Figure 1.4: Matrix Management Organizational Chart
As you can see, the dotted-line relationships are hard to distinguish after a few have been added to the chart.
One of the major disadvantages to this type of management structure is that the employee can easily find himself being pulled in too many directions. Multiple project managers may demand more of his time than he has available. This can create tension between the team member and each project manager, as well as between the project managers. The functional manager often finds herself in the position
of arbitrating between opposing project managers. If the functional manager is ineffective at setting priorities, the employee will be left to decide for himself which project takes priority, not an enviable situation for the employee or the managers involved. In a matrix organization, multiple managers are responsible for evaluating performance for each employee. This can lead to inconsistent feedback and lack of clear direction for the employee.
Under the matrix system of management, some departments are often still organized in the traditional way. HR and Finance are good examples of departments where the matrix management system does not work well. IT departments often struggle with this type of organization because they are usually responsible for existing applications (operational support) as well as for new projects (development and implementation support). The matrix system is difficult to maintain in environments where multiple functions need to co-exist within one department.

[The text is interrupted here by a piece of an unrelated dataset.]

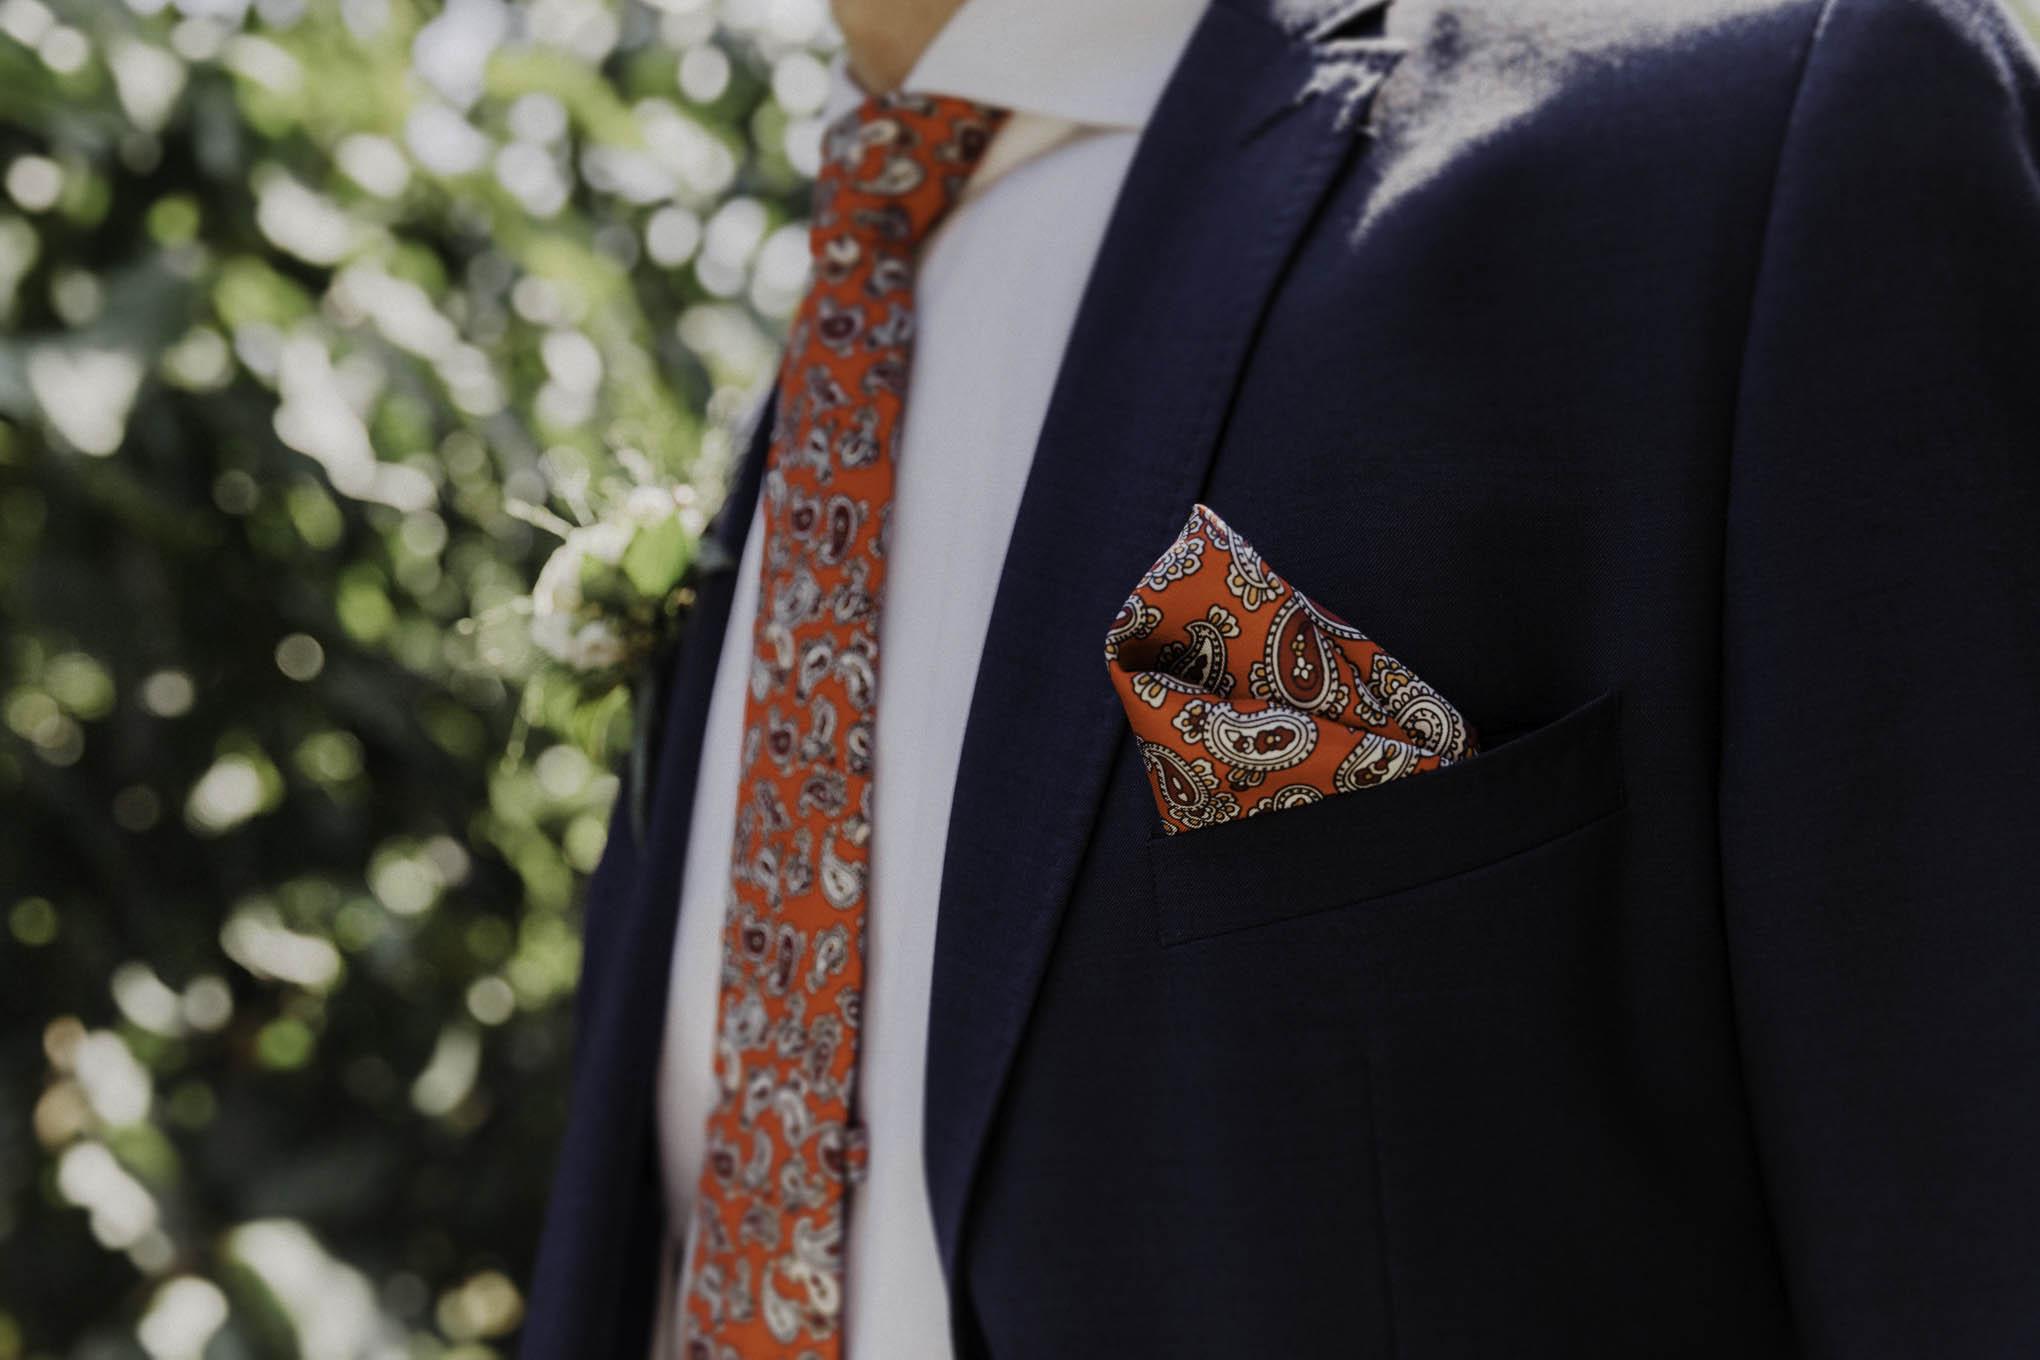 Einstecktuch und Krawatte vom Bräutigam

There are also mixed organization structures that combine elements of the traditional, projectized, and matrix organizational structures. Different project structures co-exist simultaneously in the same project. With the mixed organizational structure, flexibility is an advantage; however, unclear lines of responsibility and increased communication complexity are major disadvantages.
The Project Management Office
A project management office (PMO) is a centralized body assigned various responsibilities for coordinating management of projects and programs. The PMO responsibilities differ between organizations. The responsibilities may include:
- Providing project management support
- Providing project management training
- Defining and developing project management methodology and standards
- Monitoring compliance/governance of PMO standards
- Developing policies, procedures, templates, and other project artifacts
- Developing and implementing common project management terminology
- Managing shared resources
- Coaching, mentoring, and training
- Managing scope for key programs
- Enterprise-wide risk management
- Managing overall project database
- Managing communication
- Setting priorities
This is not an all-inclusive list of responsibilities. Some PMOs will have a broader set of responsibilities, and others will manage a subset of these tasks.

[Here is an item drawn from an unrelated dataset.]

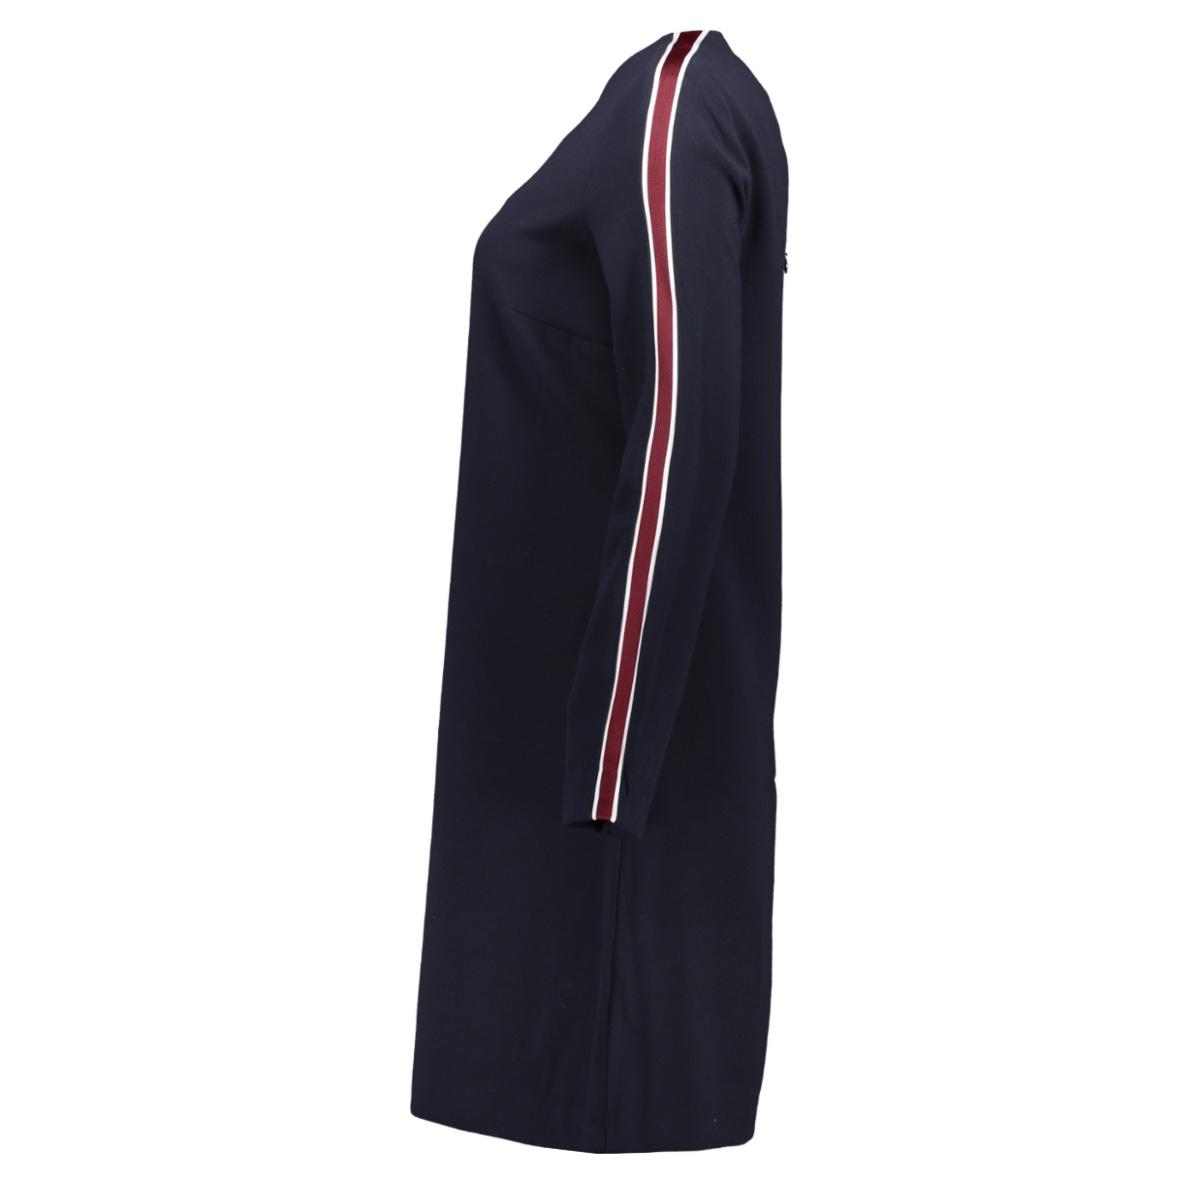 geweven jurk met racestrepen 099ee1e023 esprit jurk e400
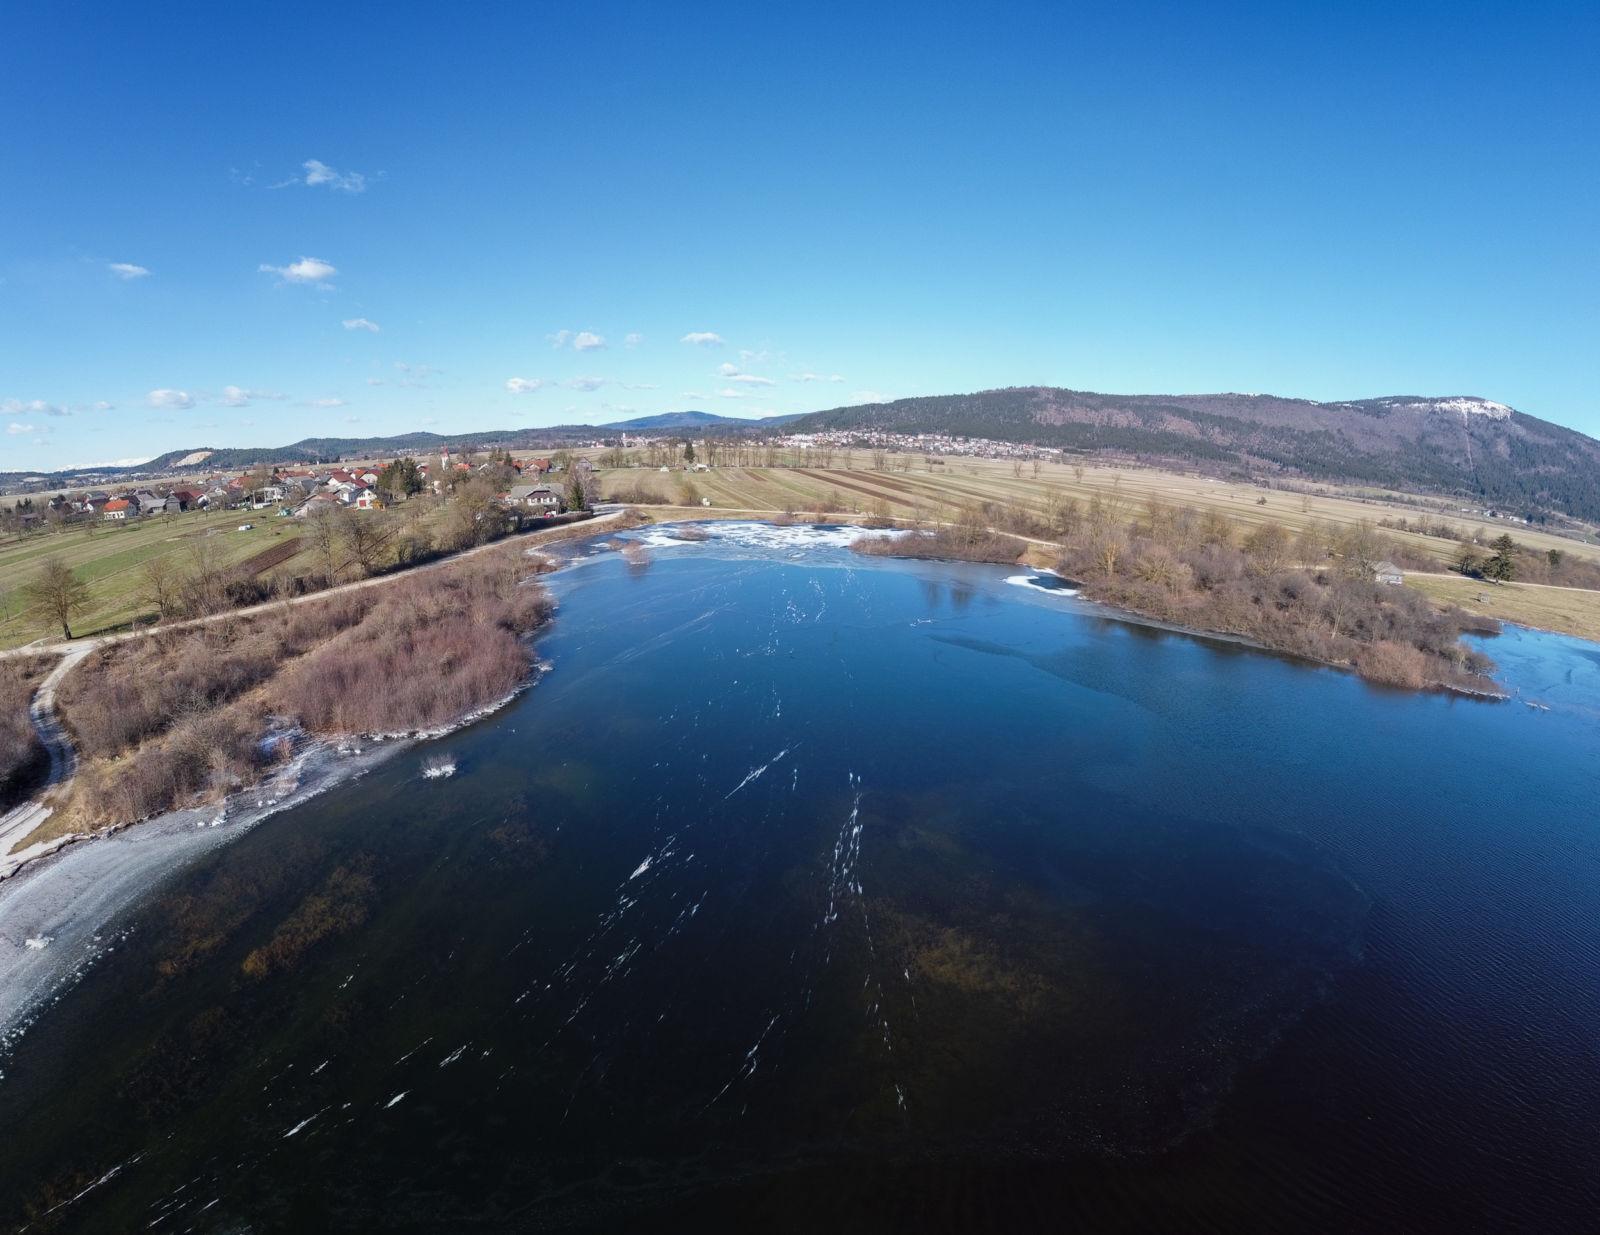 Rešeto iz zraka - poplava - Cerkniško jezero

Some PMOs have additional responsibilities in the business decision-making process. This extends the reach of the PMO into areas such as project approval, project funding, and human resources. This crossover into business management is more common when the PMO is managed by a business leader rather than a technical or project management leader.

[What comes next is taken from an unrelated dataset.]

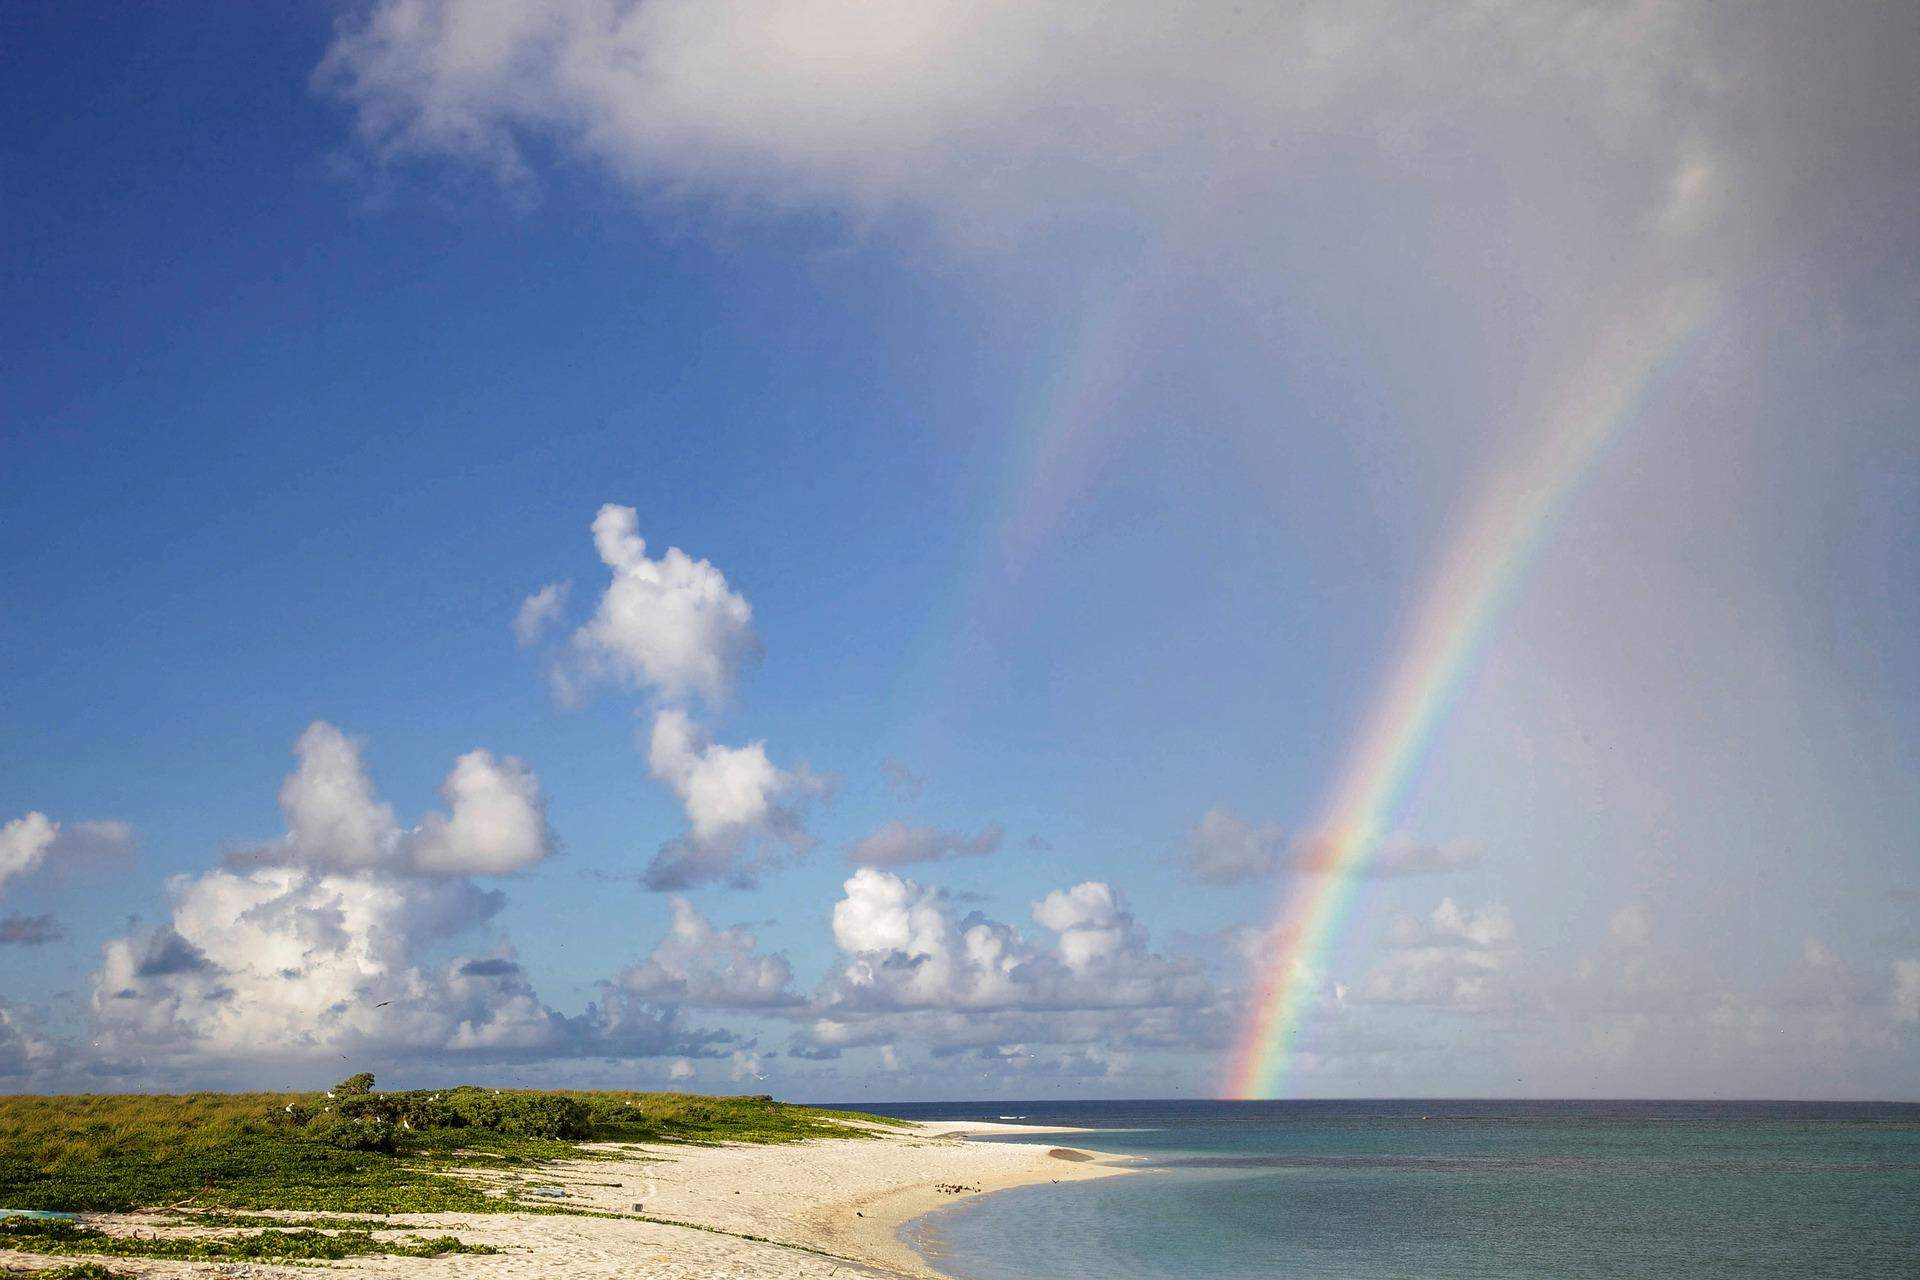 Как сфотографировать радугу, чтобы передать всю ее красоту

The PMO may be composed of one or two people or may be a substantial team. Large organizations often have an entire PMO department with several full-time employees responsible solely for running the PMO. Program managers generally report into the PMO either directly or through a dotted-line relationship to the PMO leader. Project managers may report directly into the PMO or may report to a program manager who manages communication and coordination with the PMO.
The PMO ideally will have a senior management “champion” to ensure that PMO standards are implemented across the enterprise. If the standards are considered optional rather than required, the potential benefits of the PMO will not be realized.